Insecurity: Lecturer discourages arming of guards

July 16, 2009 12:00 am

, NAIROBI, Kenya, July 16 – With the increasing insecurity in the country, the issue of arming security guards to reduce insecurity is the subject of many debates but is being frowned upon by most Kenyans.

A lecturer at the University of Nairobi (UON) Ken Ouko stated on Wednesday that arming watchmen would aggravate the security situation further.

 “It is dangerous to give more people guns whether they are in the security forces or not because for example, the watchmen are the most frustrated lot of people,” he cautioned.

“The minute you give them guns, life gets worse because then they are saying that when they are not on duty they could actually just toy around with the gun,” Mr Ouko explained.

“If it is a professional unit like G-4S and they are well trained in the use of weaponry, then yes, it makes more sense.” 

He was speaking during an exclusive interview with Capital Newsbeat where he urged Kenyans to be alert to their surroundings when undertaking business transactions, particularly at financial institutions.

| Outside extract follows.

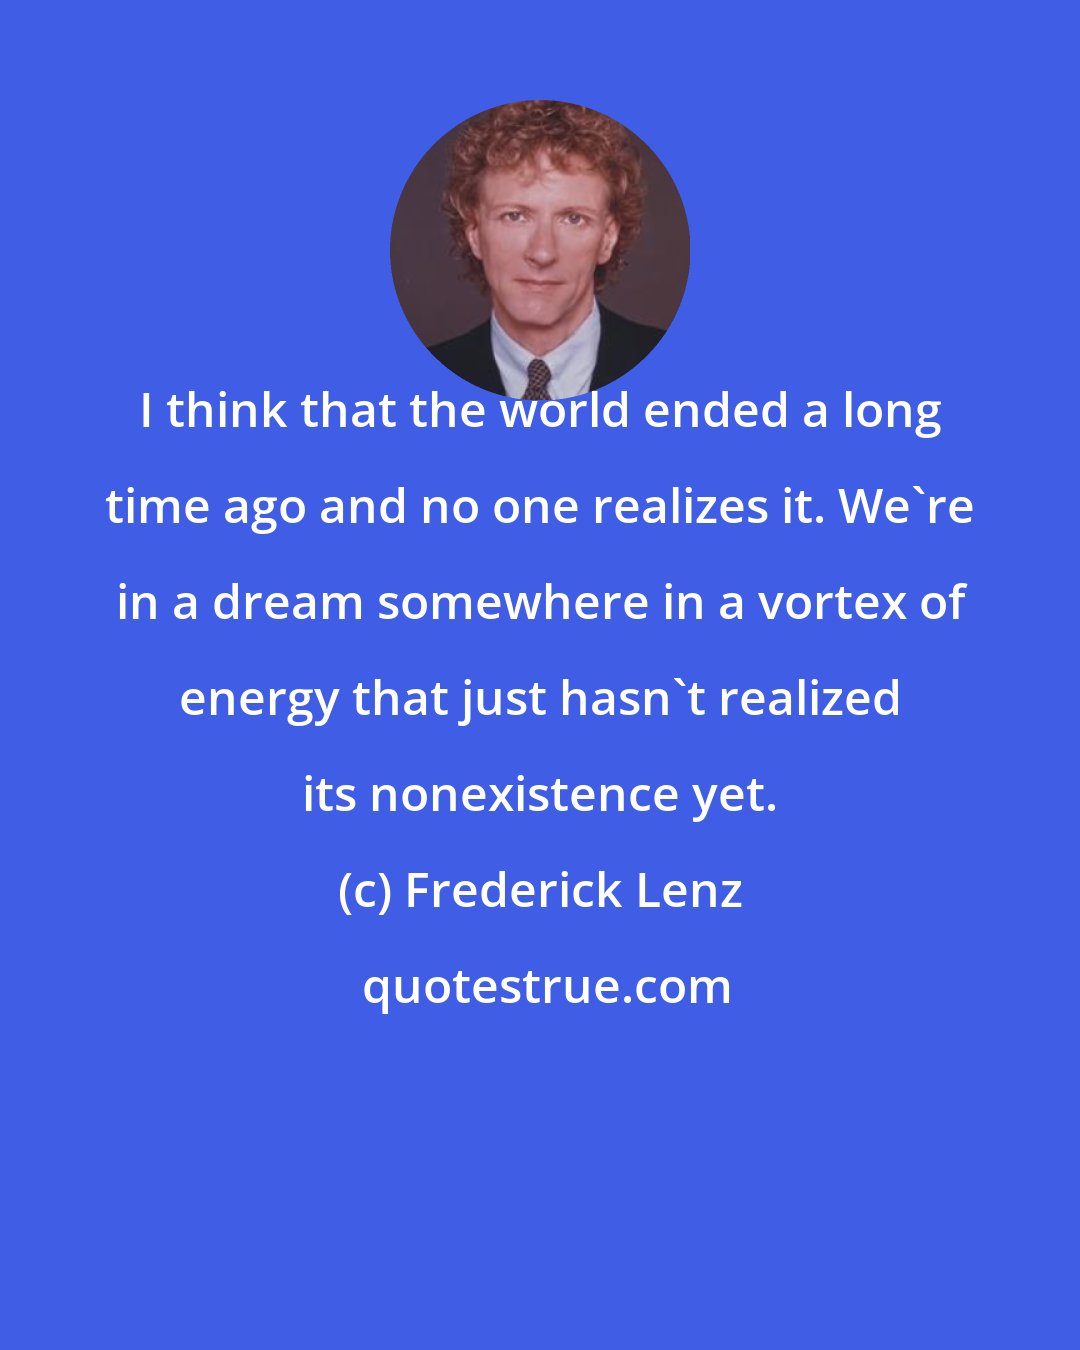 Frederick Lenz: I think that the world ended a long time ago and no one realizes it. We're in a dream somewhere in a vortex of energy that just hasn't realized its nonexistence yet.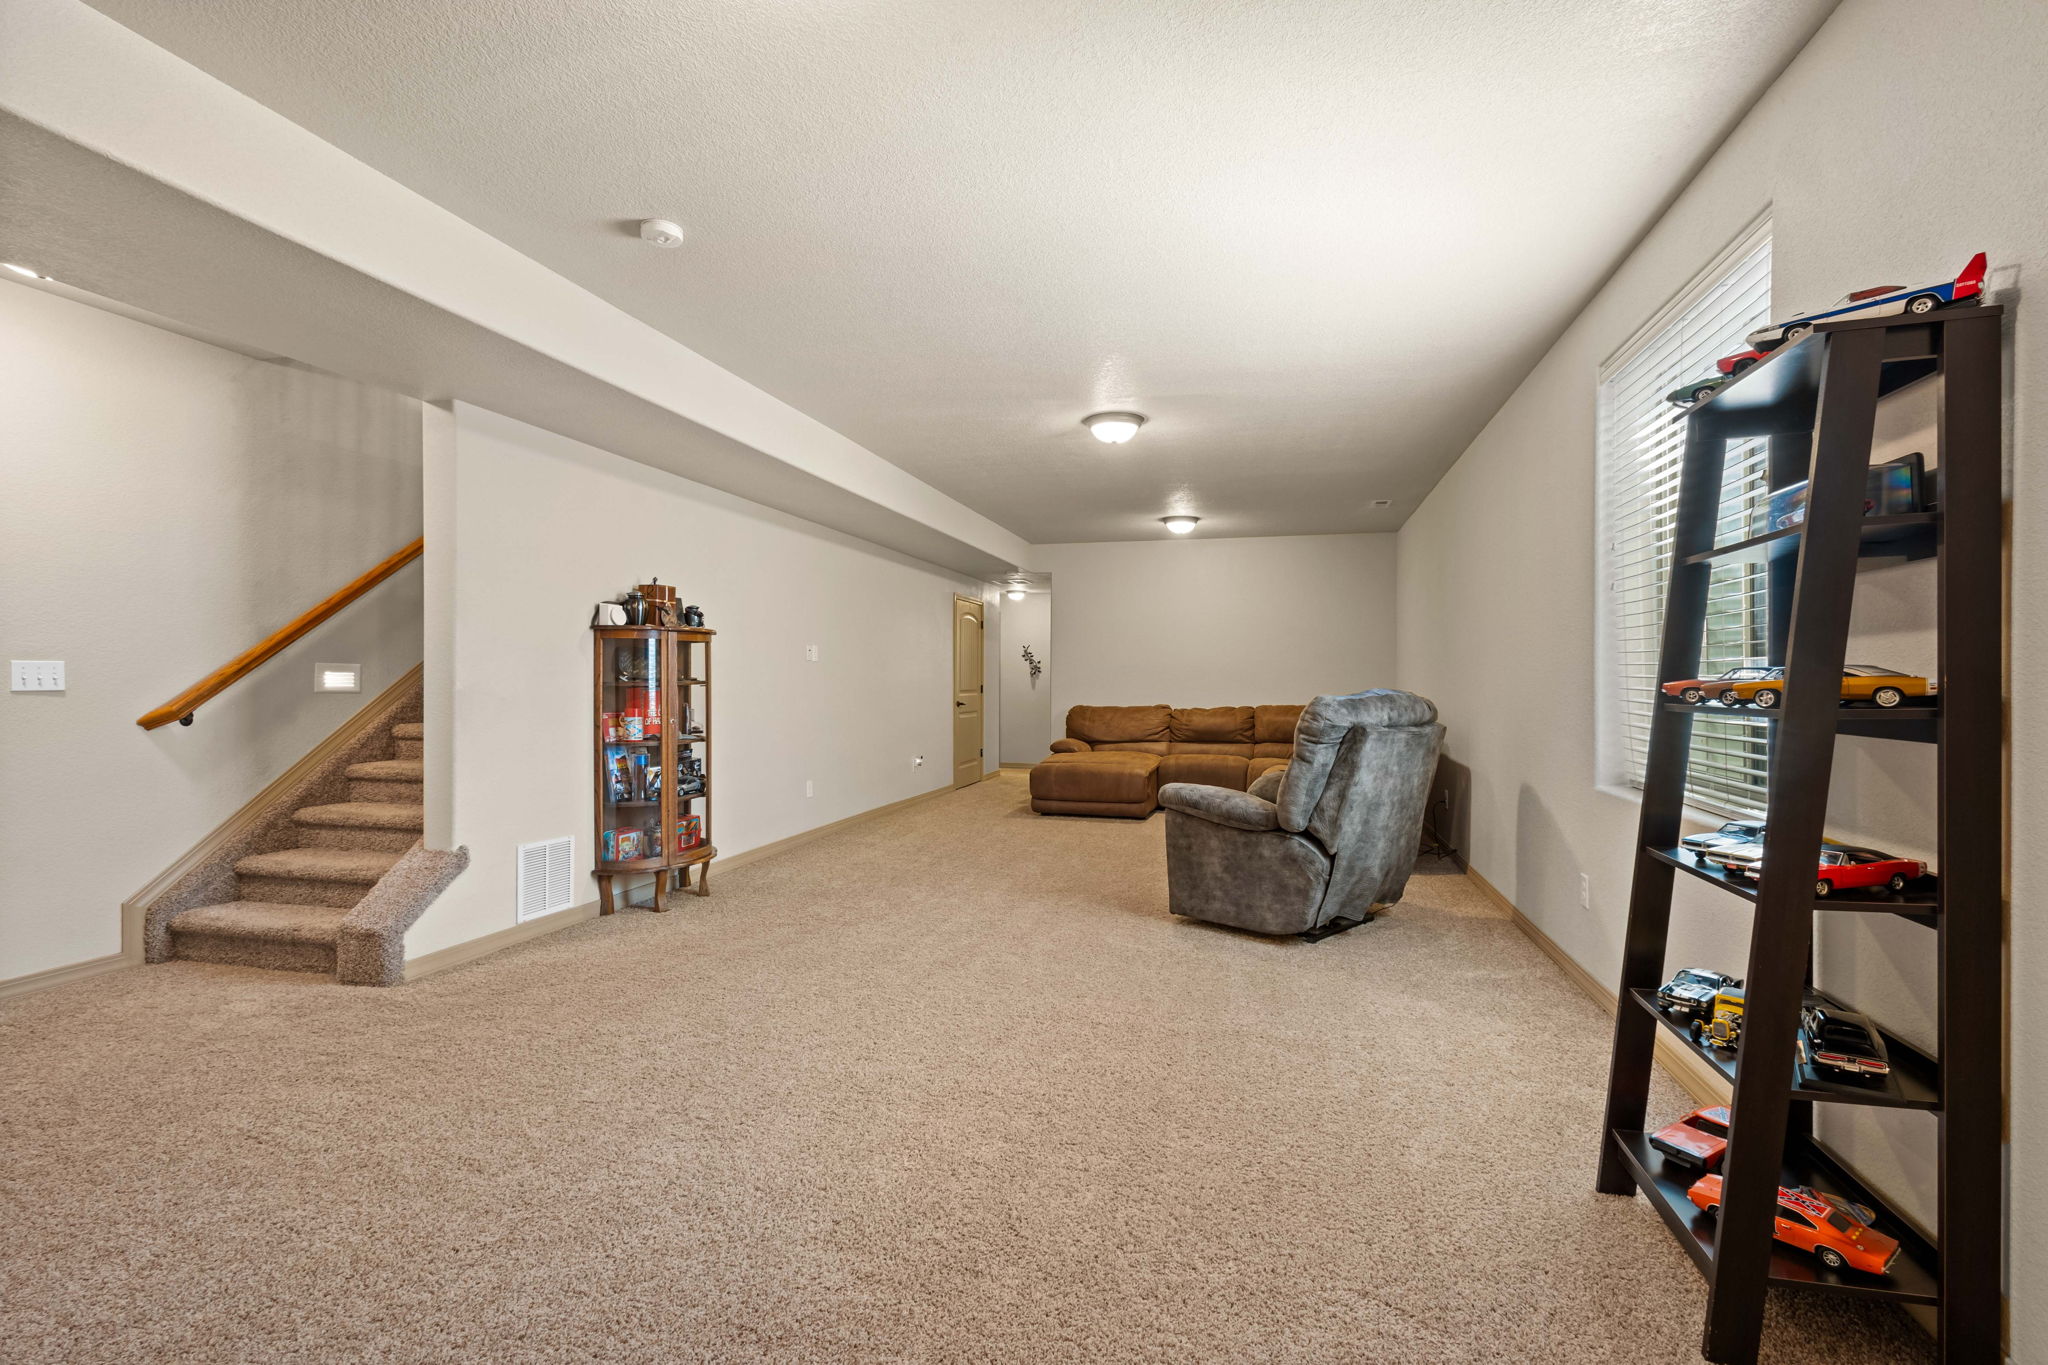 Expansive Family Room with extra storage in the utility area.

He stressed that this enables one to be aware of anyone trailing them thereby reducing cases of muggings.

 “You must always look over your shoulder and get to see if you are being trailed because that is one of the things that is coming up in Kenya, these days they trail you, they know when you go into  a bank and also if you walk out,” he emphasized.

“Always try to master your surroundings. If there are any suspicious looking people retreat back into the bank or into the office where you were,” he said.

“Try to disarm the thugs by talking to them. Say hallo to them this will actually throw them off balance,” he further advised.

Mr Ouko called on Kenyans to always remain calm when carjacked or are caught up in similar situations.

He stated that staying composed under such circumstances can go a long way in reducing the impact of the ordeal.

He stressed the need for especially women to establish a rapport with the assailants in a bid to soften them.

 “Sometimes they tell you that after they finish with the money bit, they are going to work on you  and the mistake you make is to start saying ‘Over my dead body’ then you antagonise them,” he said.

 He said that in most cases, criminals are always willing to talk with their victims.

“Half the time they are willing to talk and they will engage you in conversation and   once you have that conversation with them they get a bit softer,” he said.

He however urged everyone to take all necessary precautions especially when going about their daily activities.
“The best thing mentally is to just remain optimistic. You work with fate and destiny and assume that this is my town and I am going to live in it forever.”